* Provided data:
================

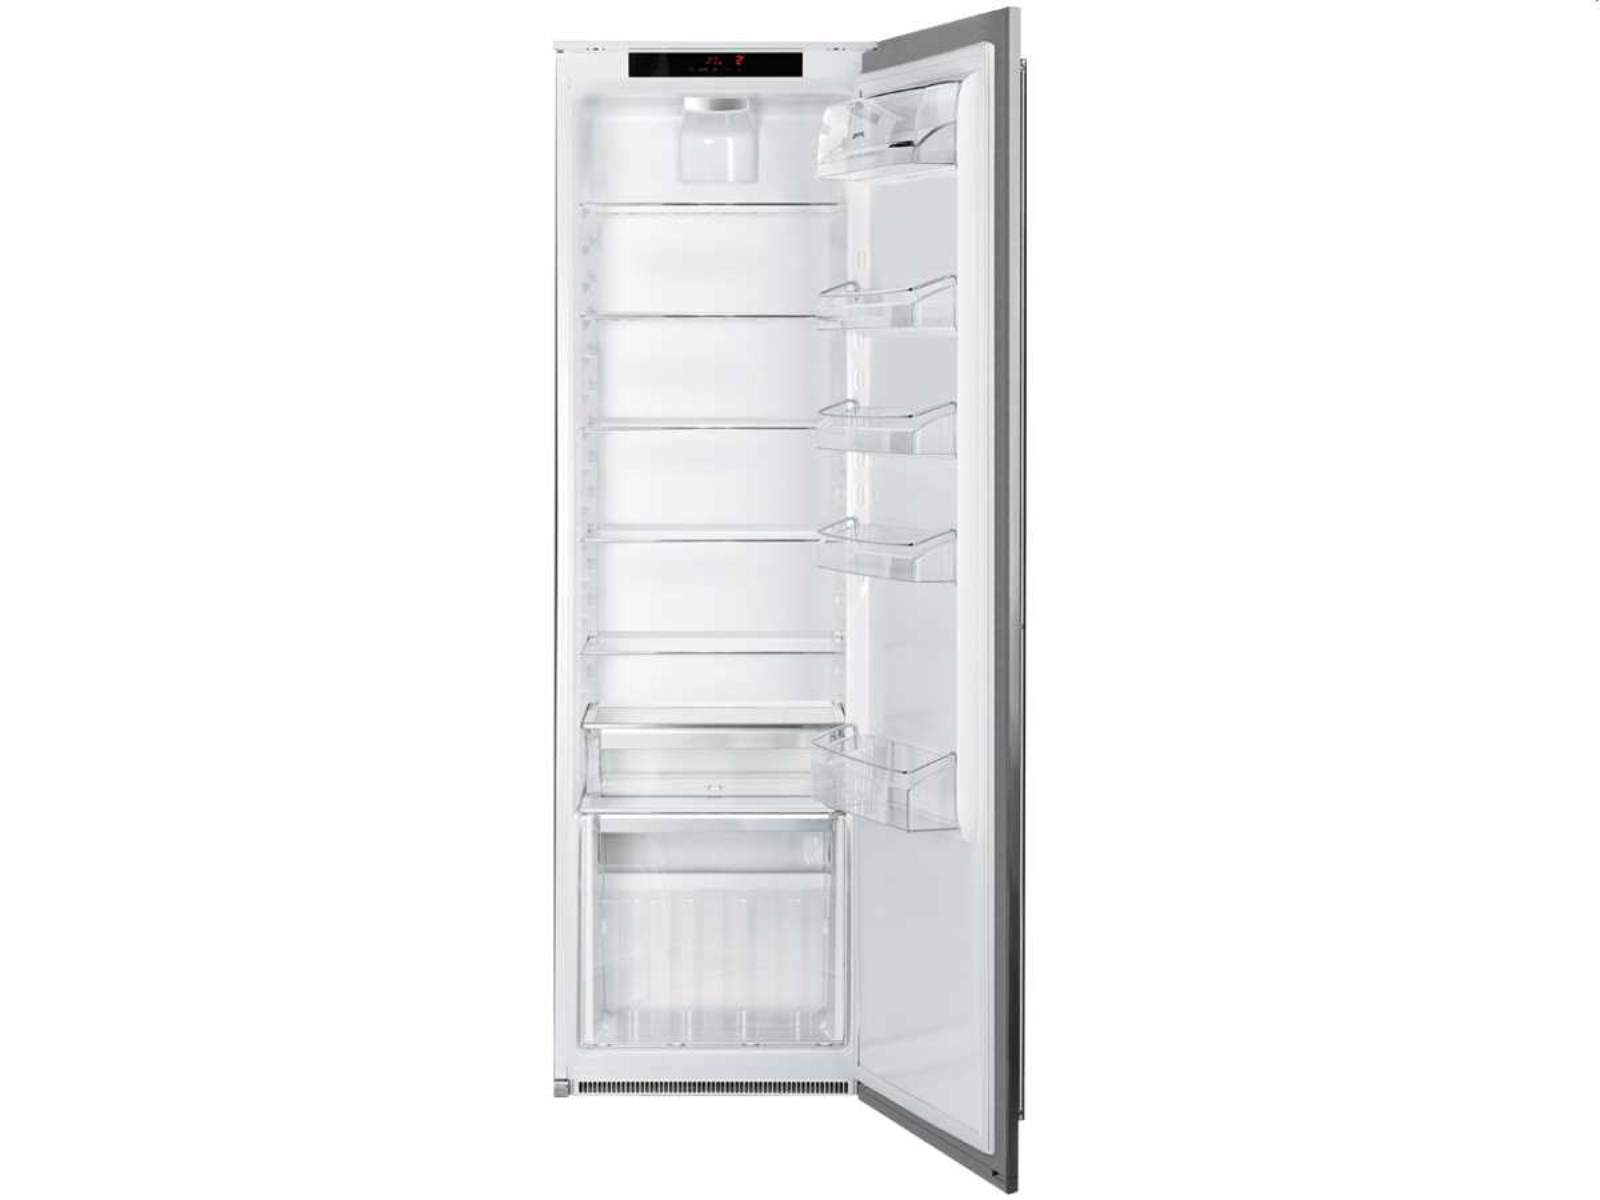 Smeg Kühlschrank Rosa Klein : Smeg kühlschrank innen retro kühlschrank singulär kühlschrank
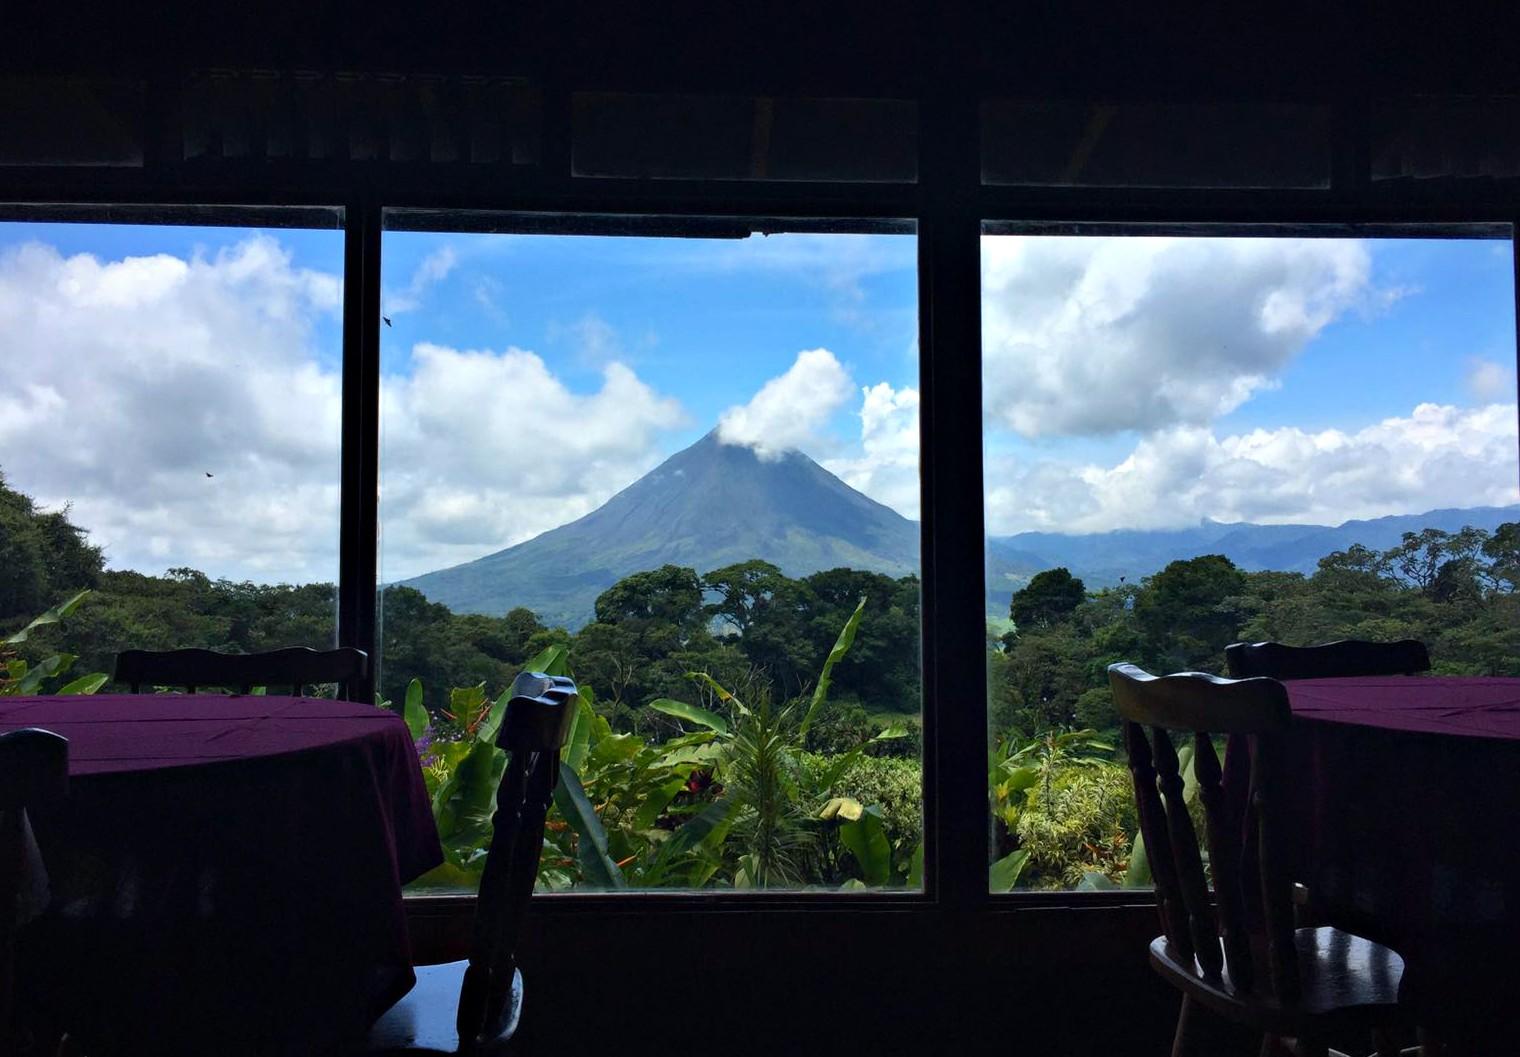 arenal_volcano_costarica.jpg
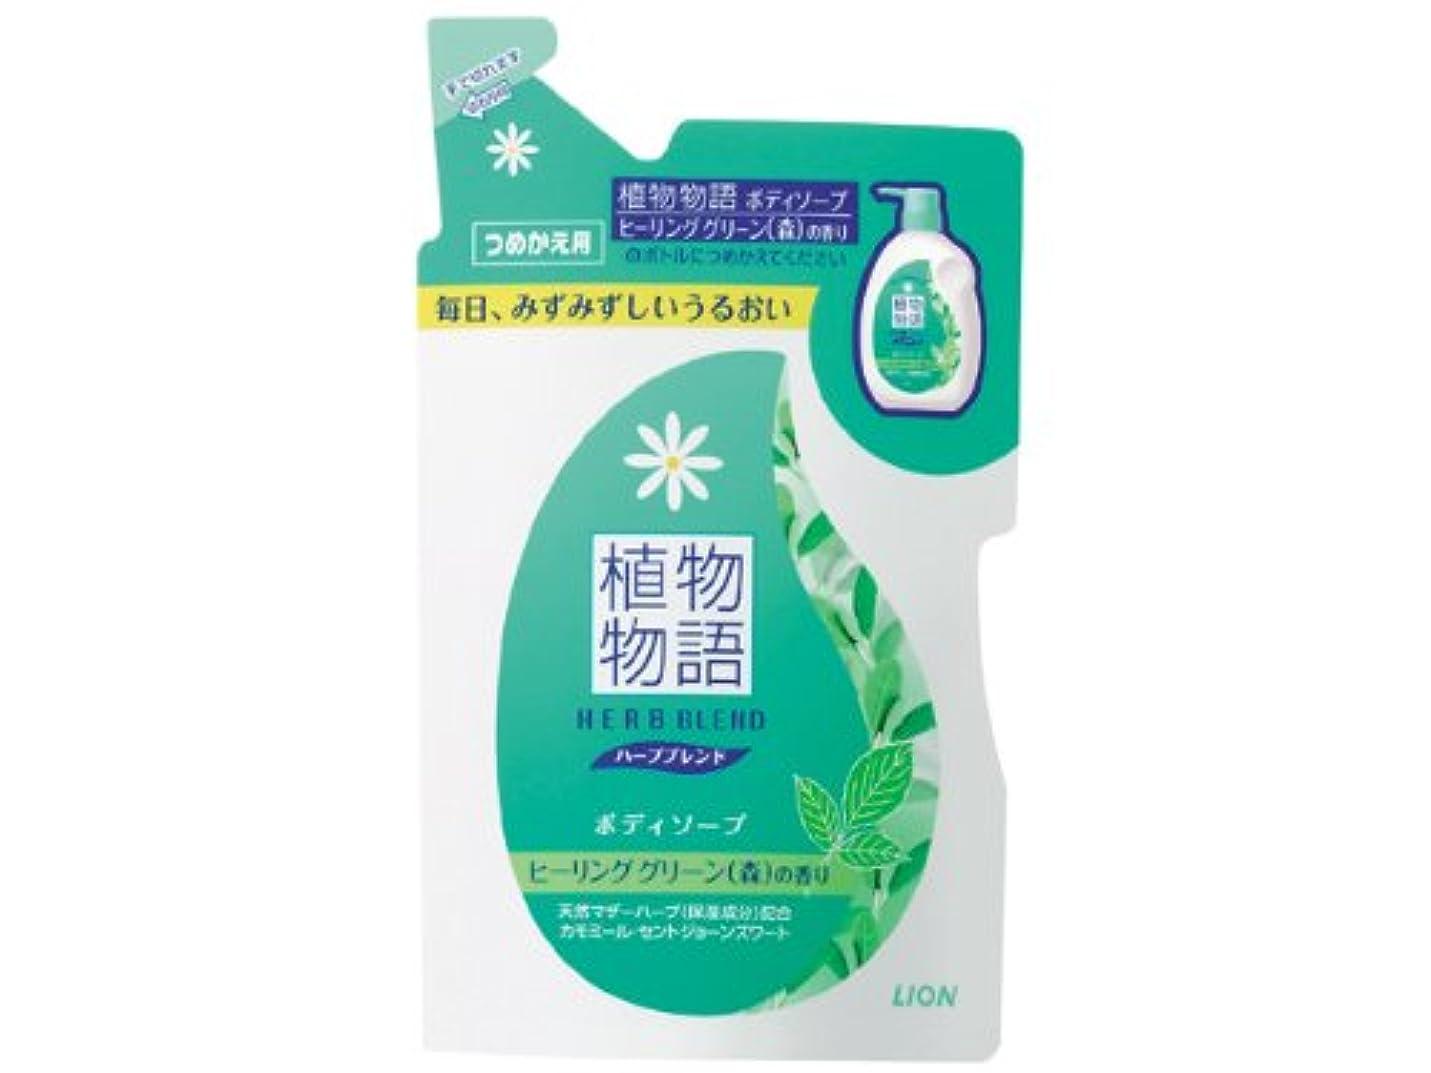 無意味干渉するアイロニー植物物語 ハーブブレンド ボディソープ ヒーリンググリーン(森)の香り つめかえ用 420ml

================

Give back the material word for word, leaving out its pictures.

* Completed exercise:
 Smeg Kühlschrank Rosa Klein : Smeg kühlschrank innen retro kühlschrank singulär kühlschrank
 arenal_volcano_costarica.jpg
 無意味干渉するアイロニー植物物語 ハーブブレンド ボディソープ ヒーリンググリーン(森)の香り つめかえ用 420ml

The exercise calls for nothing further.